During a plenary session on the second day of the Multi-Stakeholder consultative workshop on the realignment of media laws in Zimbabwe held on the 7th and 8th of December 2018, Nick Mangwana the Permanent Secretary in the Ministry of Information, Publicity, and Broadcasting made a number of revelations on how government intends to move forward with media policies in Zimbabwe.
BAZ and POTRAZ Merger
The first point of interest was the suggestion that the merger of the Broadcasting Authority of Zimbabwe (BAZ) and the Postal and Telecommunications Authority of Zimbabwe (POTRAZ) be effected during the amendment of the Broadcasting Services Act.
The Broadcasting Authority of Zimbabwe is currently established and regulated in terms of the Broadcasting Services Act. This Act also caters for the licensing of broadcasting services along with the distribution of the frequency spectrum used in broadcasting. POTRAZ is currently established and regulated by the Postal and
MISA Zimbabwe respectfully suggests that from a legal drafting perspective it would be much neater to draft a completely new Act that establishes the merged entity and then make the requisite amendments to the BSA and the Postal and Telecommunications Act.

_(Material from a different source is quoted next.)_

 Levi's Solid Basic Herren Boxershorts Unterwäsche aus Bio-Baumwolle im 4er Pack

Licensing of community radio stations
Mangwana indicated that government through the Broadcasting Authority of Zimbabwe intends to license an estimated ten state owned community radio stations during the course of this fiscal year. He indicated that government had already set aside the necessary financial resources to license community radio stations. He further indicated held that only an initial ten community radio stations would be licensed due to limited frequency spectrum.

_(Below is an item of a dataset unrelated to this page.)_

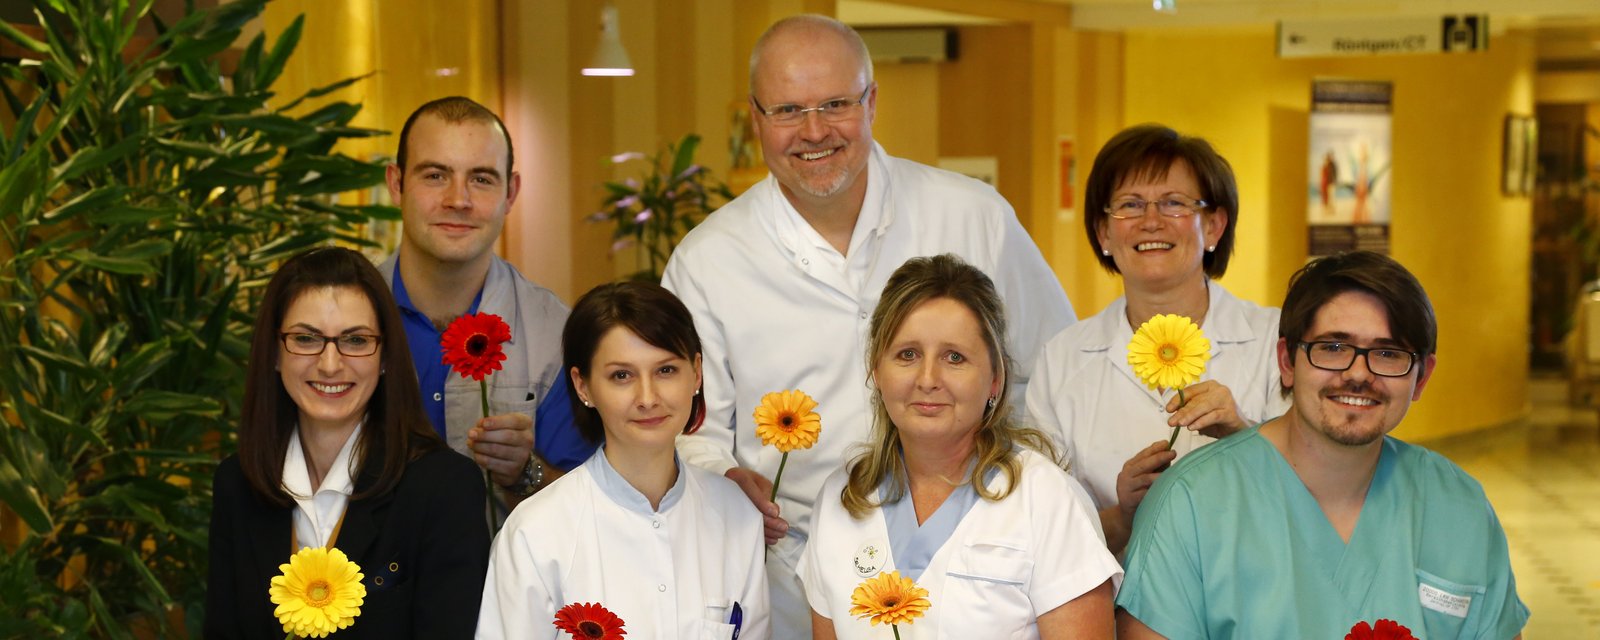 4 Mitarbeiterinnen und 3 Mitarbeiter mit Blumen in der Hand

At this point, there is still no clarification on how these community radio stations will be distributed across the country. There were also no indications on the identity of the entities that will run the licensed community radio stations, serve to say that they will be state sponsored stations.
MISA Zimbabwe is worried about this pronouncement. The government should not be in any ways preferring to establish community radio stations. It is MISA Zimbabwe’s respectful opinion that the State has a role to level the playing field and regulate the industry rather than establishing radio stations, especially when there are already existing initiatives that are eagerly waiting for BAZ to invite them for licensing.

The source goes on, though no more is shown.